Data provided below:
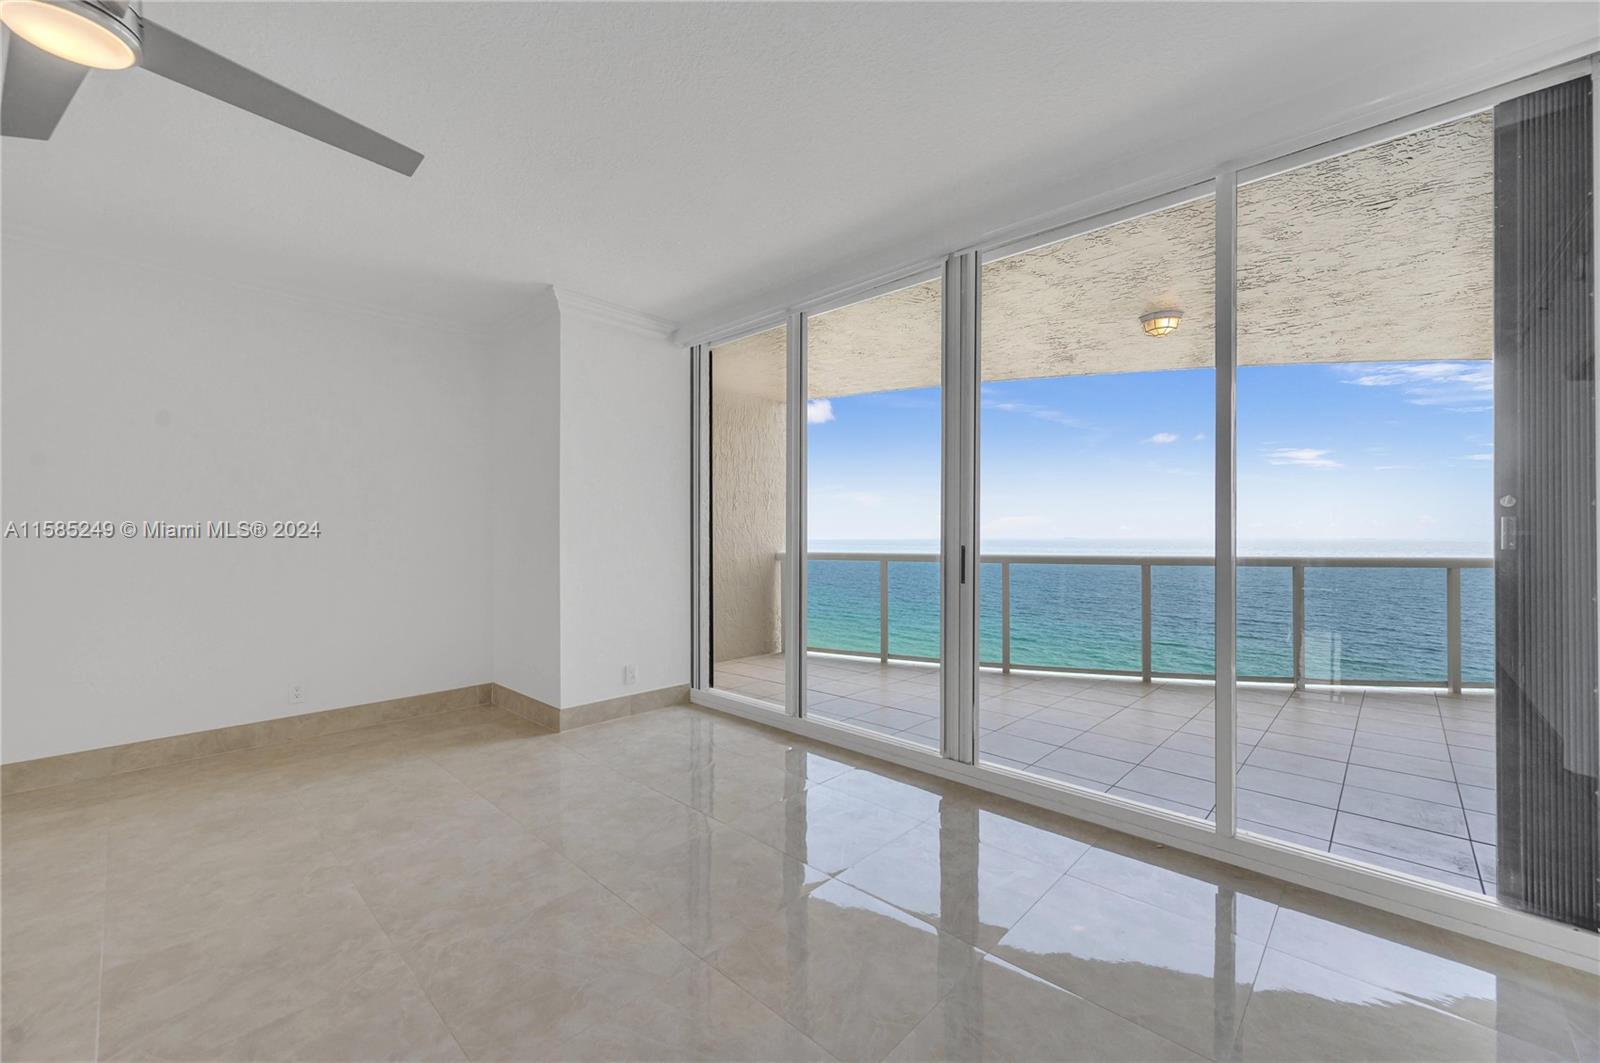 Rental Property at 3200 N Ocean Blvd 903, Fort Lauderdale, Broward County, Florida - Bedrooms: 3 
Bathrooms: 3  - $8,500 MO.
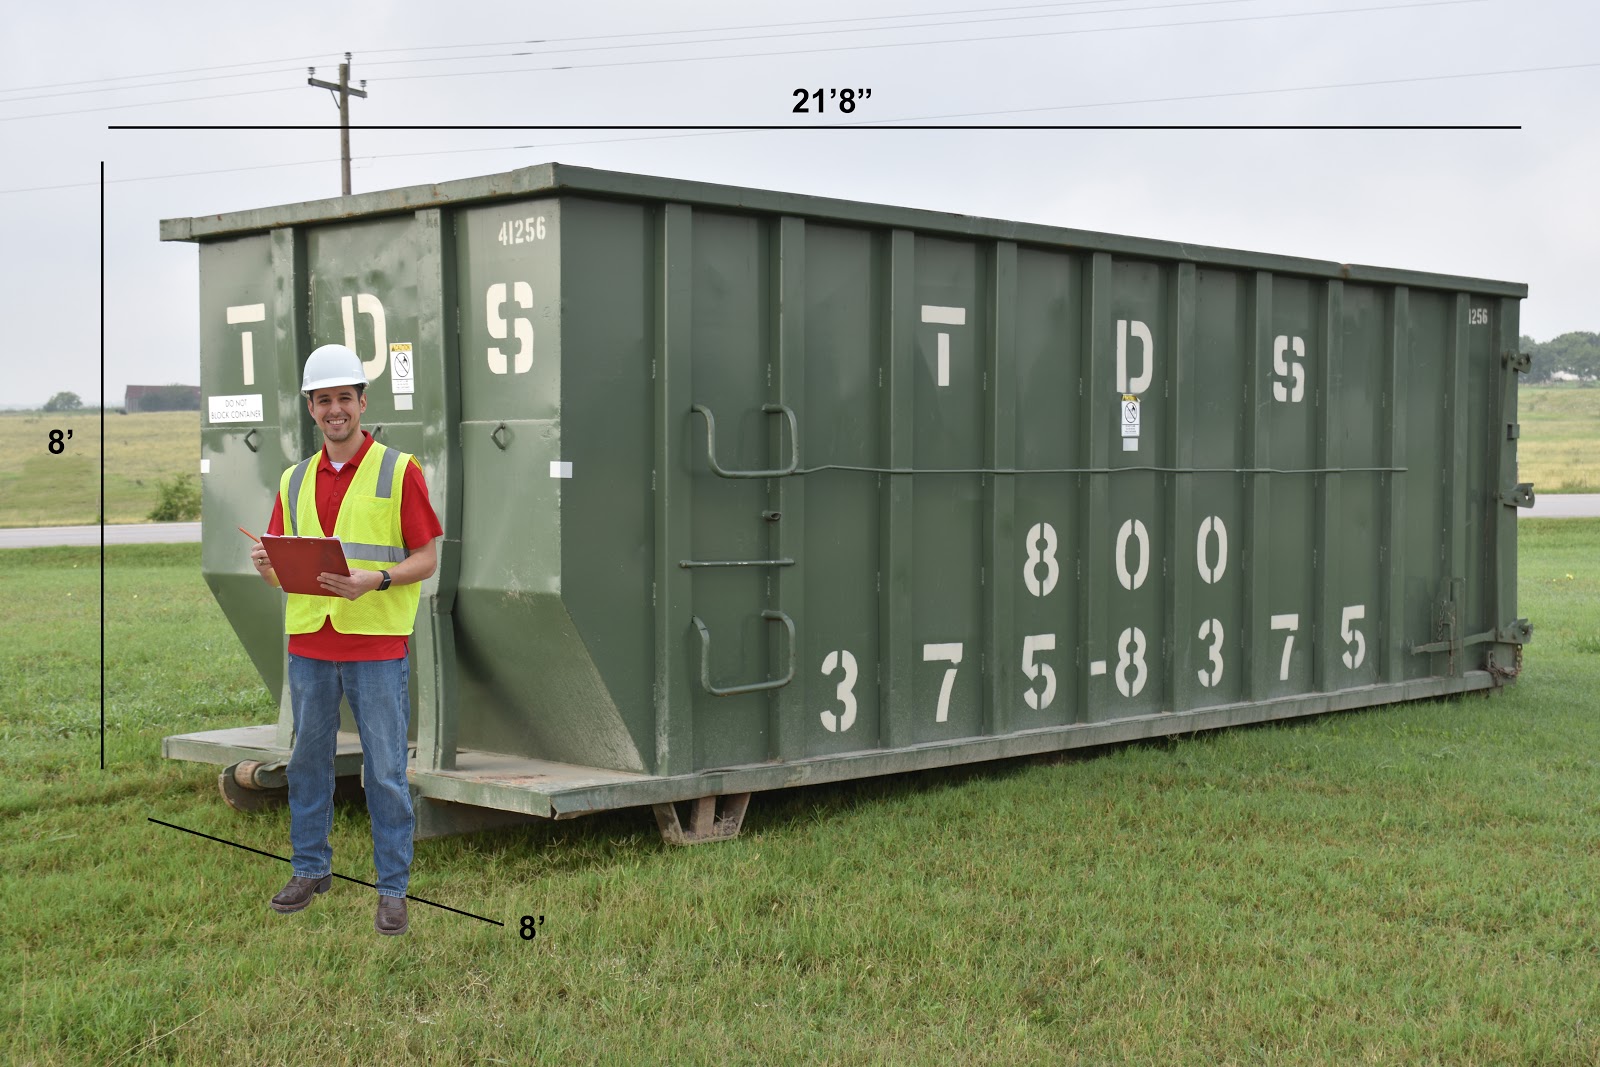 40-yard dumpster rental dimensions
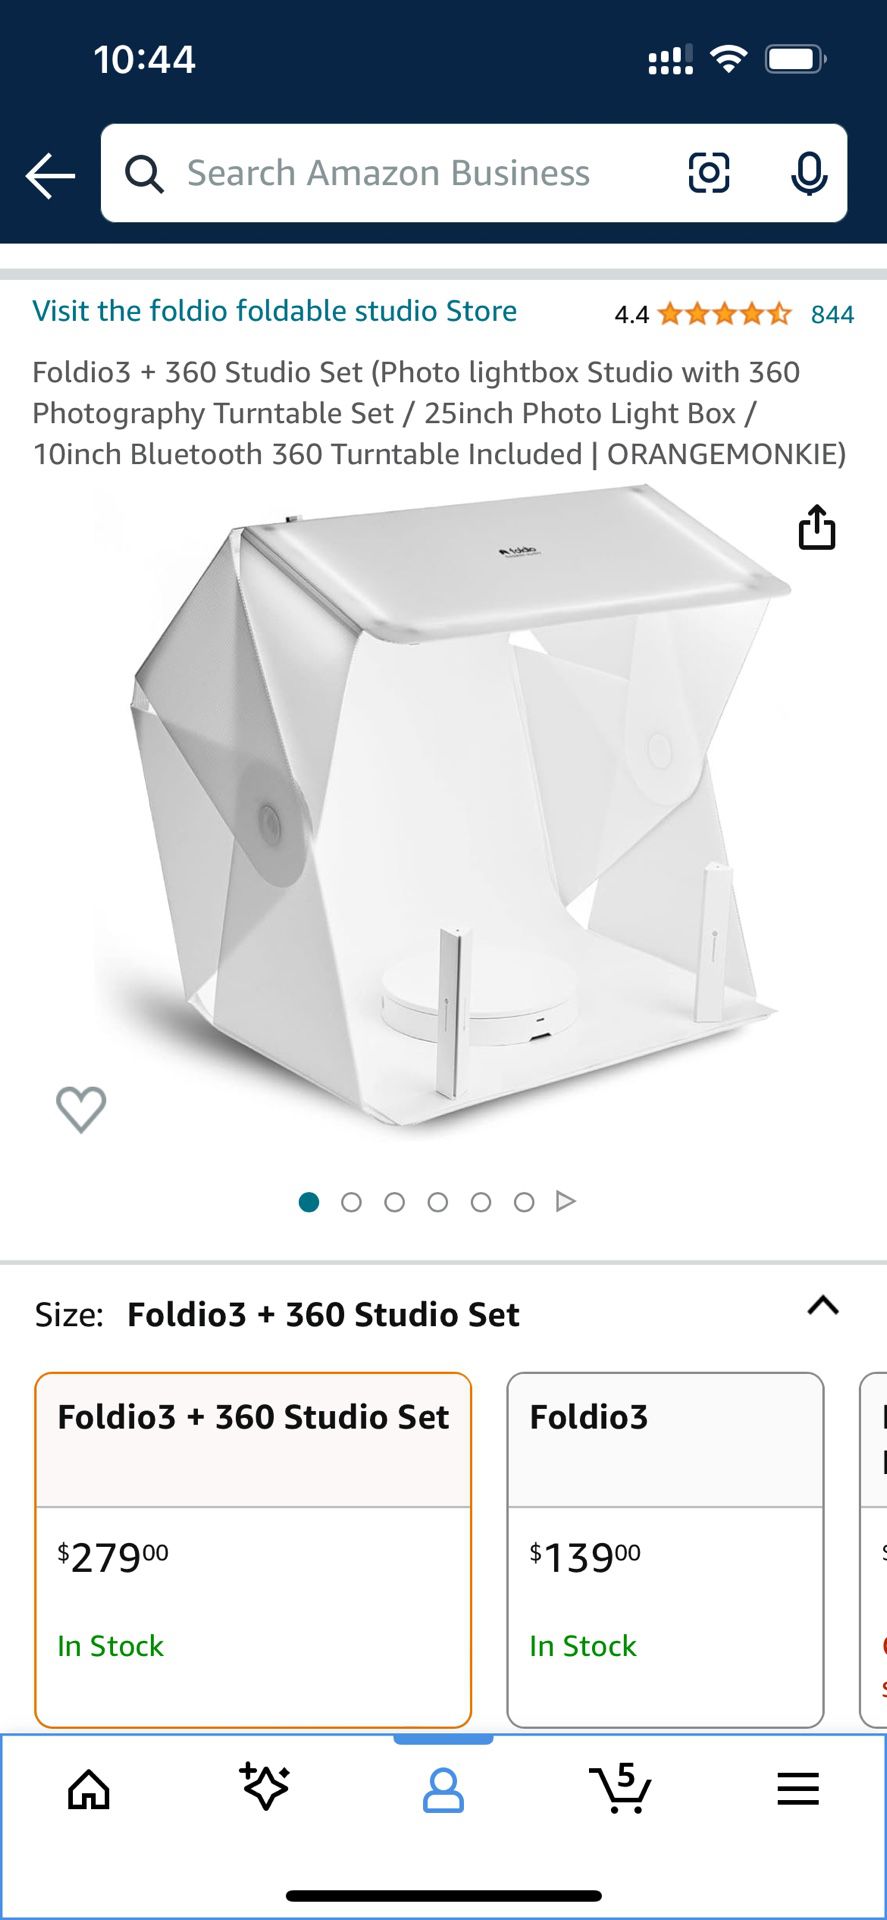 Foldio3 + 360 Studio Set (Photo lightbox Studio with 360 Photography Turntable Set / 25inch Photo Light Box / 10inch Bluetooth 360 Turntable Included 
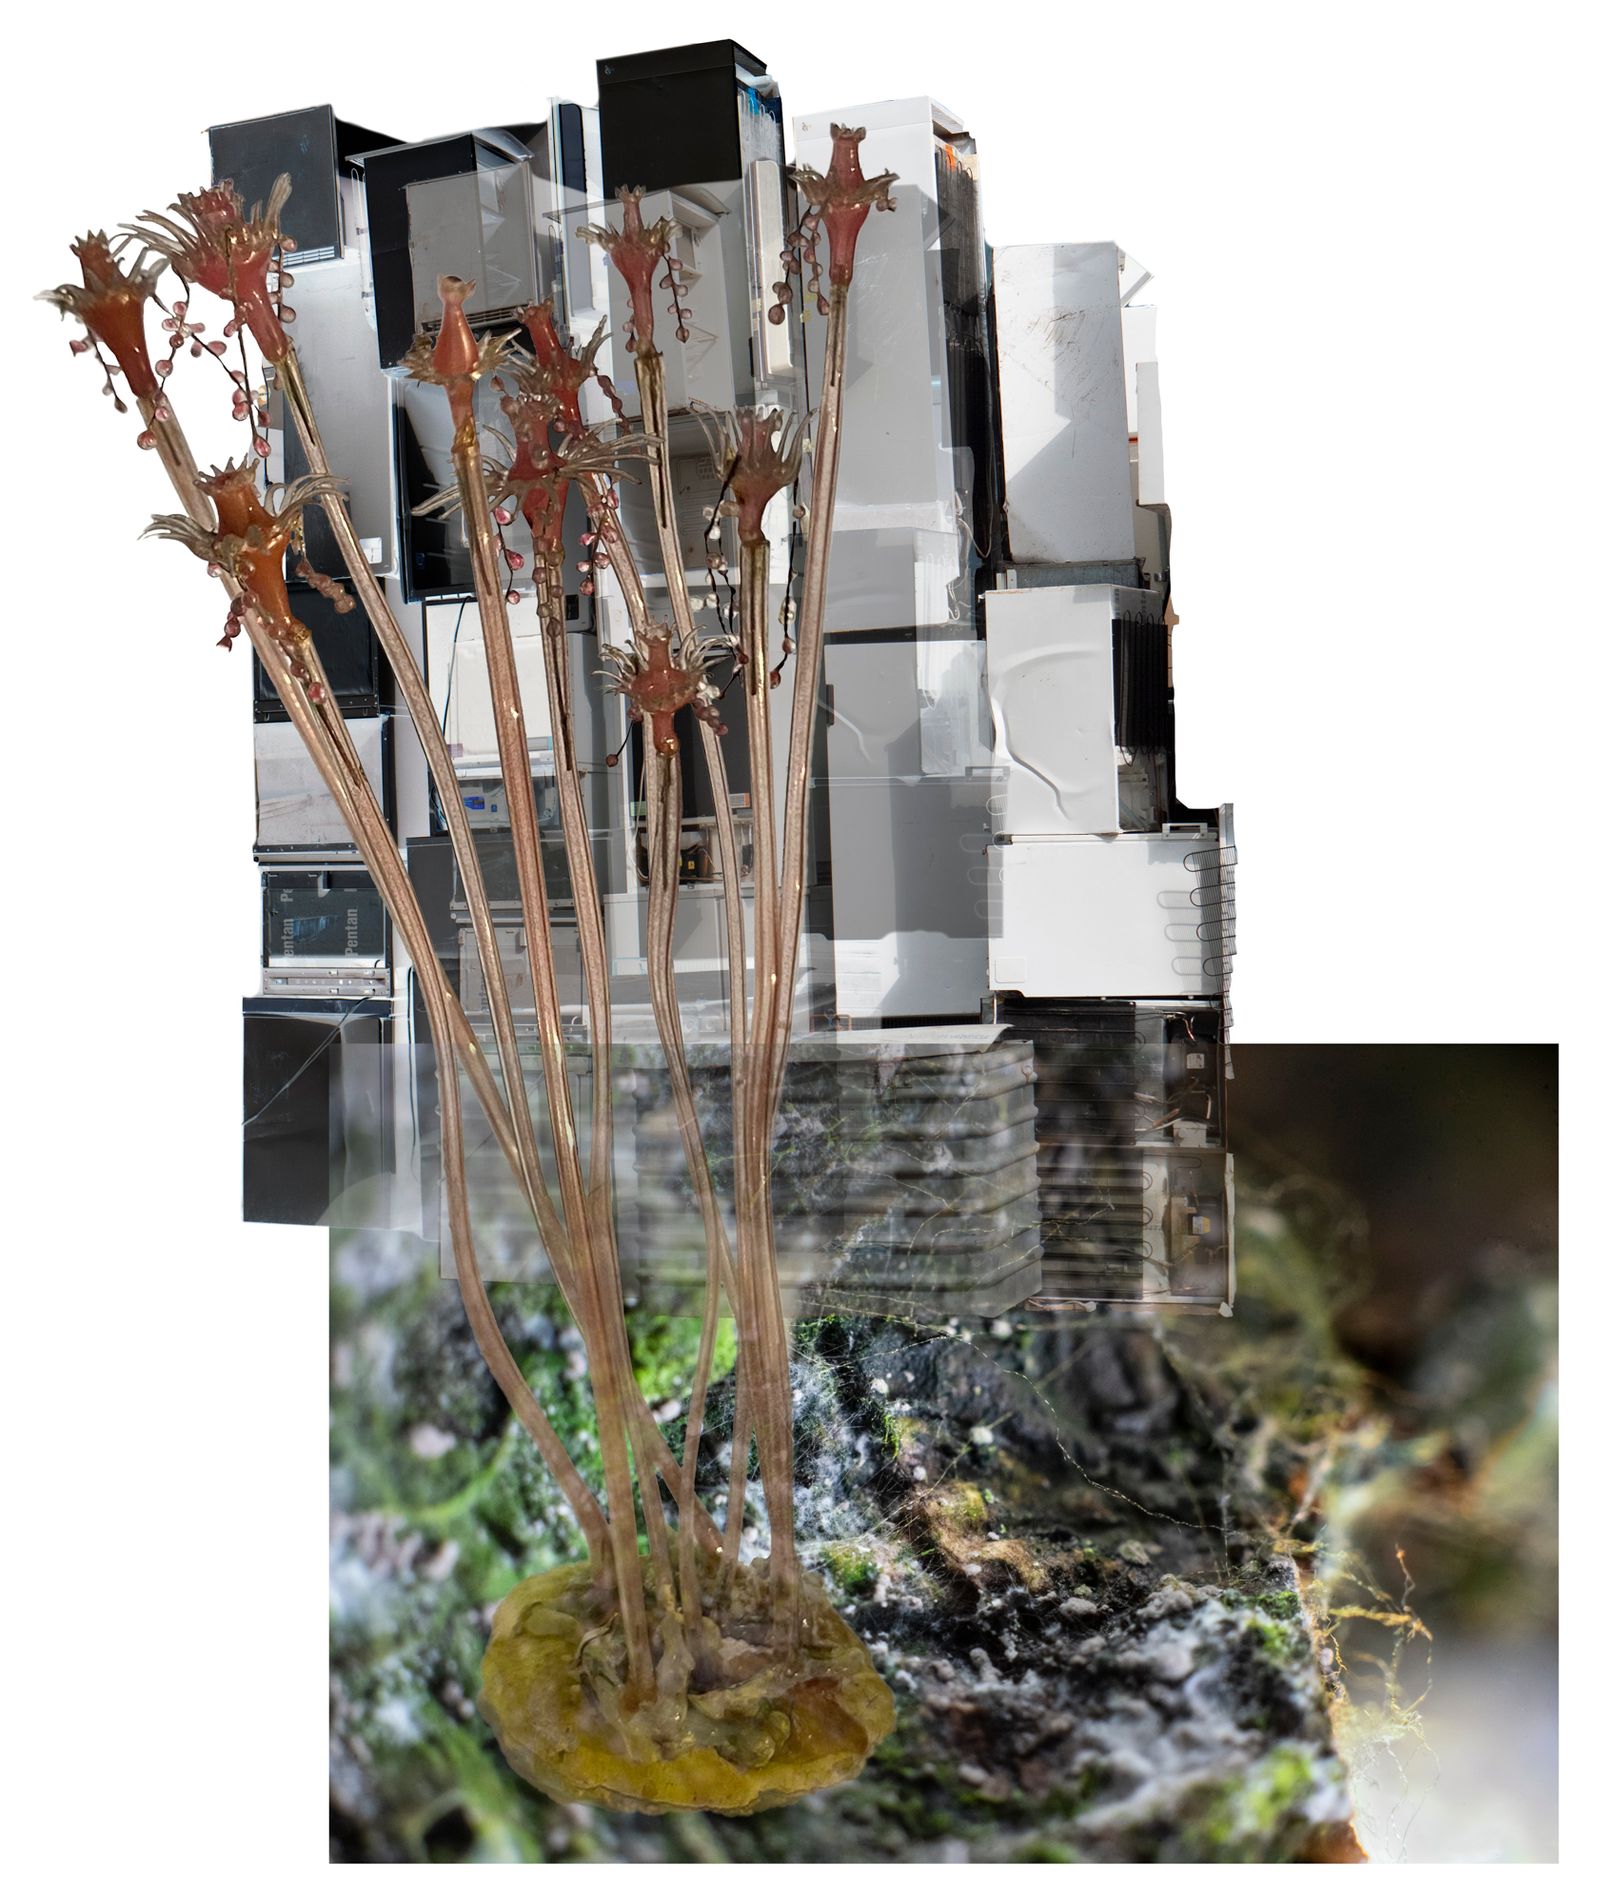 © Florence Iff - earth/moss/mold, disposed refrigerators, glass models of marine invertebrates
End of Data provided.
Problem:
Transcribe every line of the data exactly. No pictures go in the copy.

Finished task:
 Rental Property at 3200 N Ocean Blvd 903, Fort Lauderdale, Broward County, Florida - Bedrooms: 3 
Bathrooms: 3  - $8,500 MO.
 40-yard dumpster rental dimensions
 Foldio3 + 360 Studio Set (Photo lightbox Studio with 360 Photography Turntable Set / 25inch Photo Light Box / 10inch Bluetooth 360 Turntable Included 
 © Florence Iff - earth/moss/mold, disposed refrigerators, glass models of marine invertebrates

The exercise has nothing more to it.